German car parts and tyre maker Continental has joined the club of multinationals approved by China’s central bank to transact renminbi intercompany loans out of China.
Continental completes RMB intercompany loan cross-border

The Hanover-headquartered firm has executed its first renminbi loan in the first quarter and is expected to do more, Stefan Scholz, its head of finance and treasury in Germany, told CT.

The company tapped this scheme to find outlets for its liquidity surplus that has built up in China over the years. “Renminbi cross-border inter-company loans allow us to flexibly share liquidity between China and Europe and to avoid negative carry on group level—as in receiving low deposit interest in China and paying higher debt interest in Europe,” he said.

“In the old way, the only way to share liquidity was to pay dividends. But dividends are inflexible, and they cannot be paid at short notice and trigger withholding tax.”

The one-year loan was made available from Shanghai via Hong Kong, where its foreign exchange risk was hedged. “The interest rate was set to meet legal requirements and was based on applicable base rate plus an appropriate margin used for inter-company transactions,” Scholz added.

With promising growth in China and Asia, where group wide sales in Asia accounted for 18% of total sales in 2012, it is paramount for Continental to develop a strategy to manage cash while its sales increase in Asia.
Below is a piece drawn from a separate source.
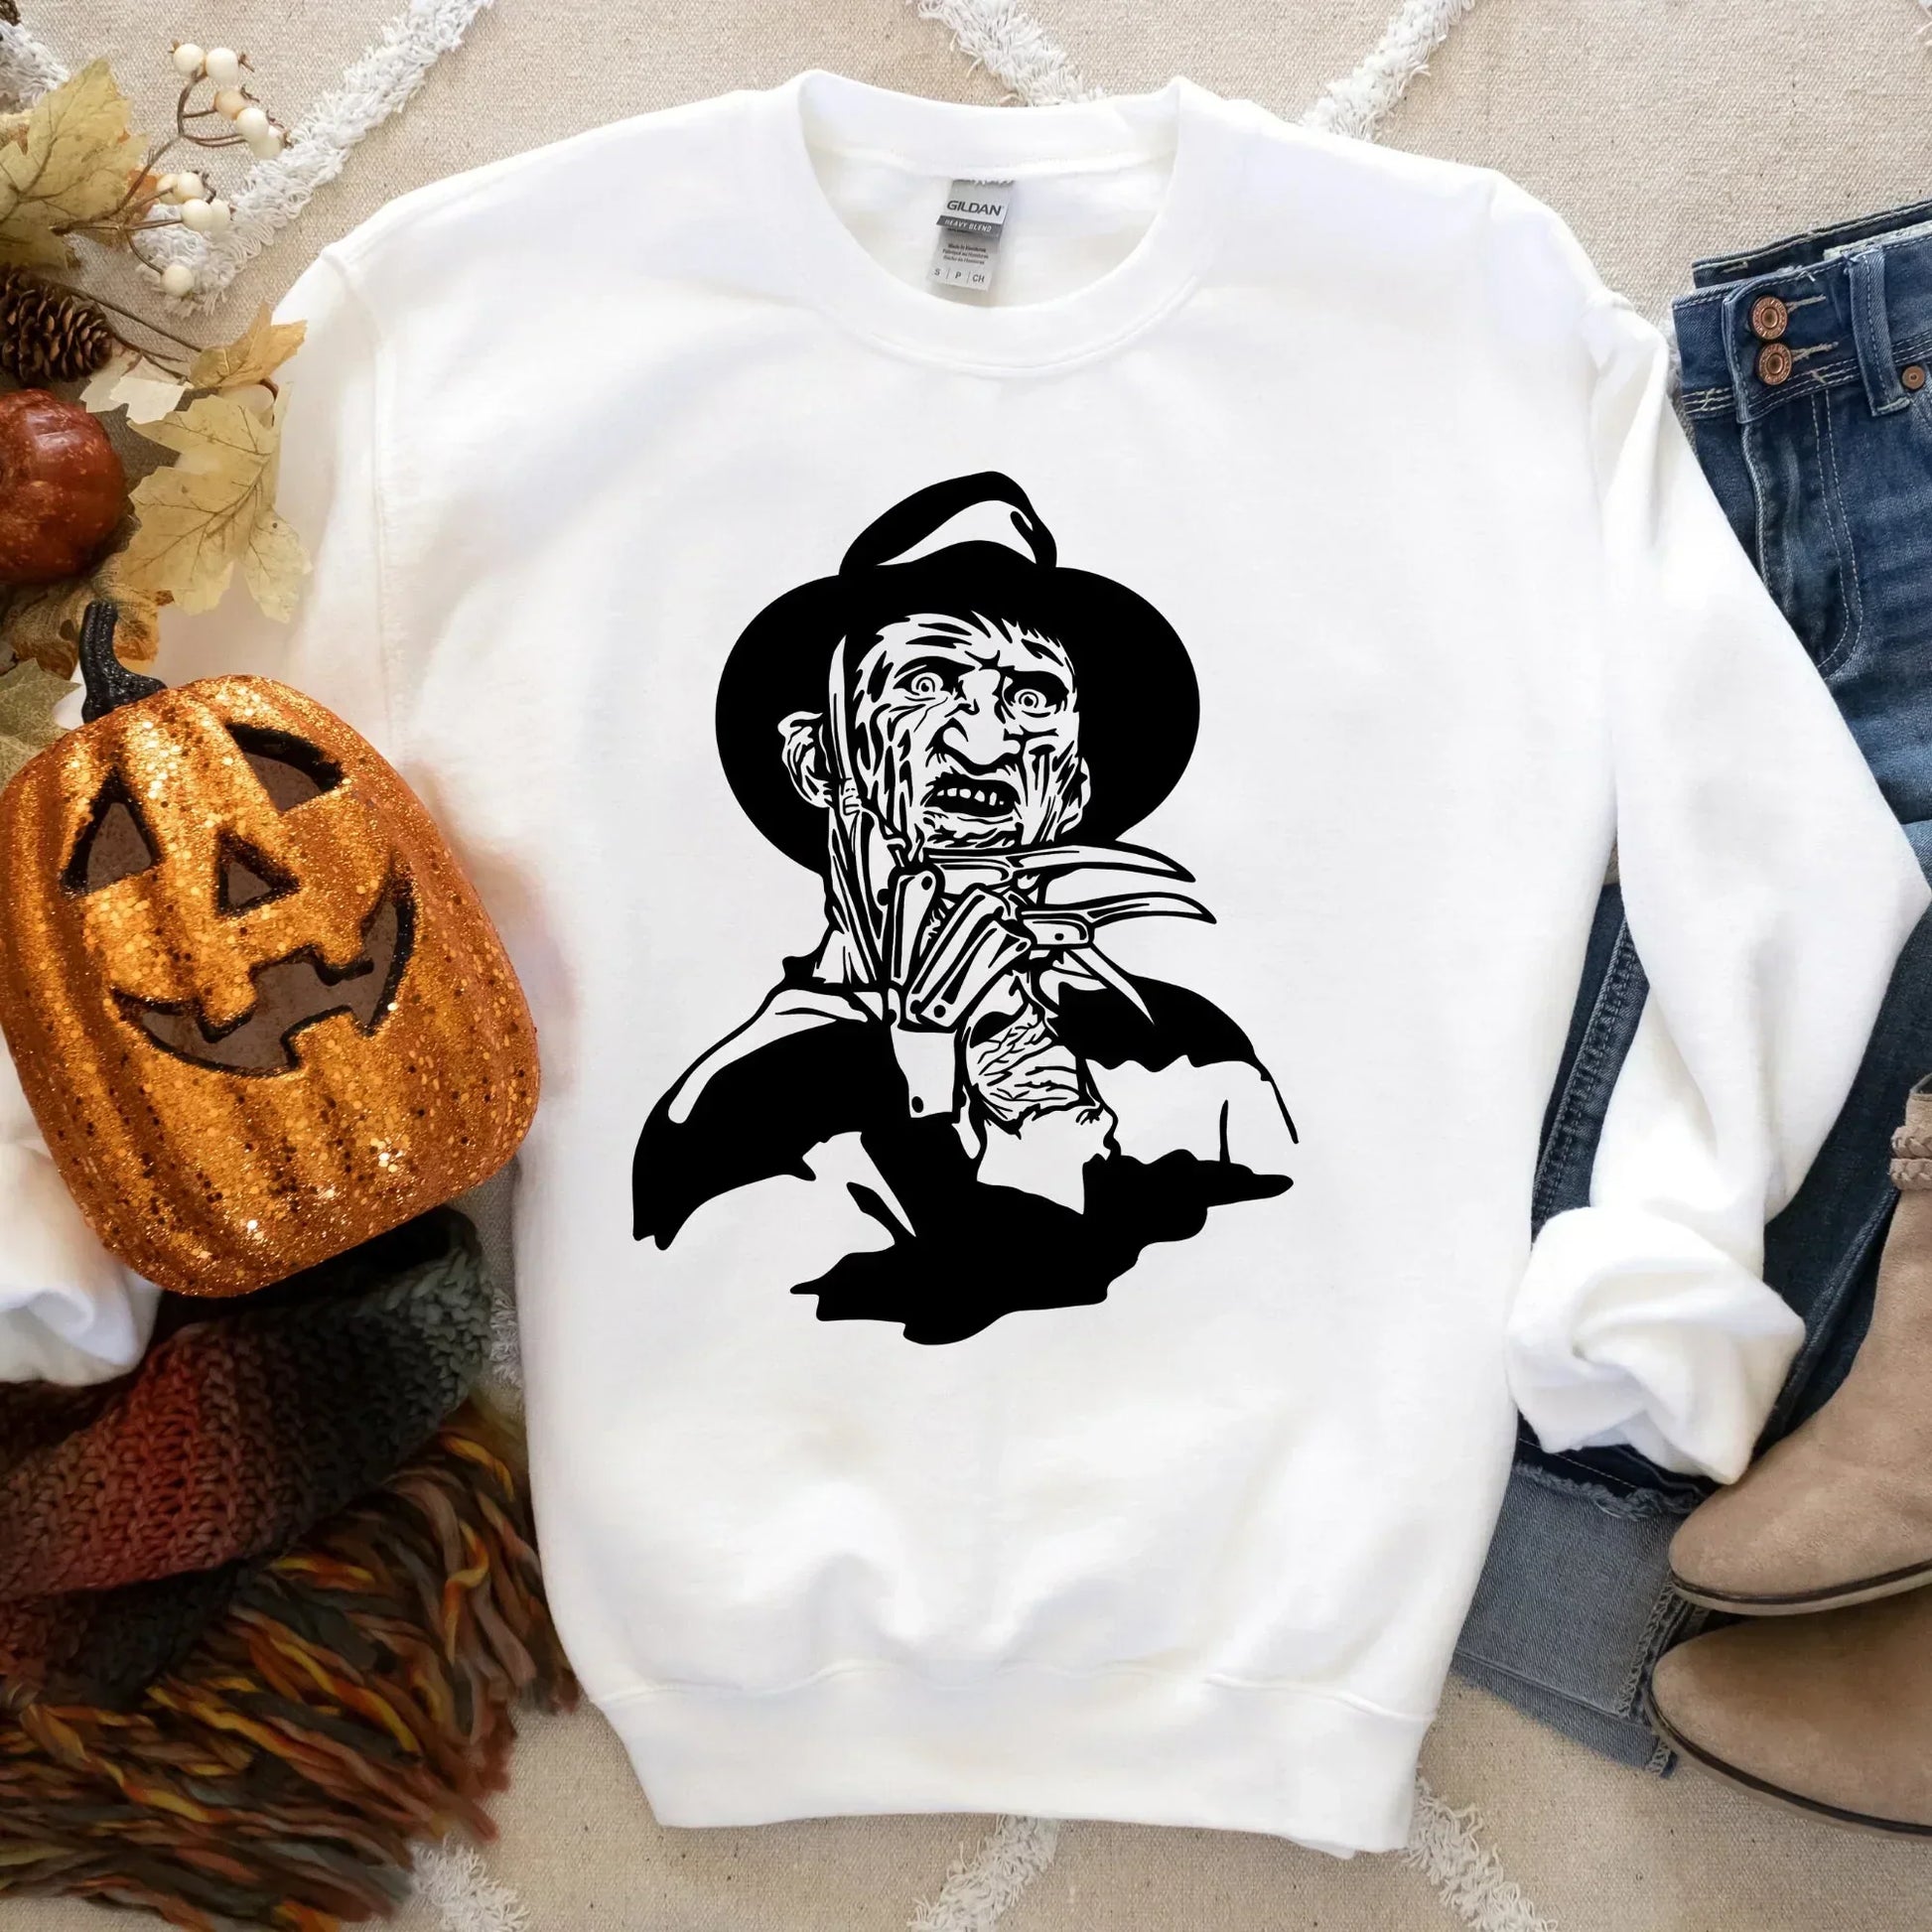 Freddy Horror Movie Shirt, Scary Sweater, Spooky Crewneck, Creepy Sweatshirt, Horror and Chill Lover, Fright Night Gift for Men Women

Prior to the launch of the People’s Bank of China (PBOC) scheme, Scholz said there were limited ways to utilise its surplus cash in China, with the “main instruments being used were dividend payments and investment in new production facilities in China.”

The market has high hopes that the new pilot initiatives from PBOC and the State Administration of Foreign Exchange can further relax restrictions over capital and current account controls in China and make the internationalisation of its currency a reality.

For treasurers with operations in China, this is an opportunity of great significance. “This pilot fits into our plan to integrate China's cash position into worldwide operations further. We hope that the loan quota will be increased in the future,” Scholz added.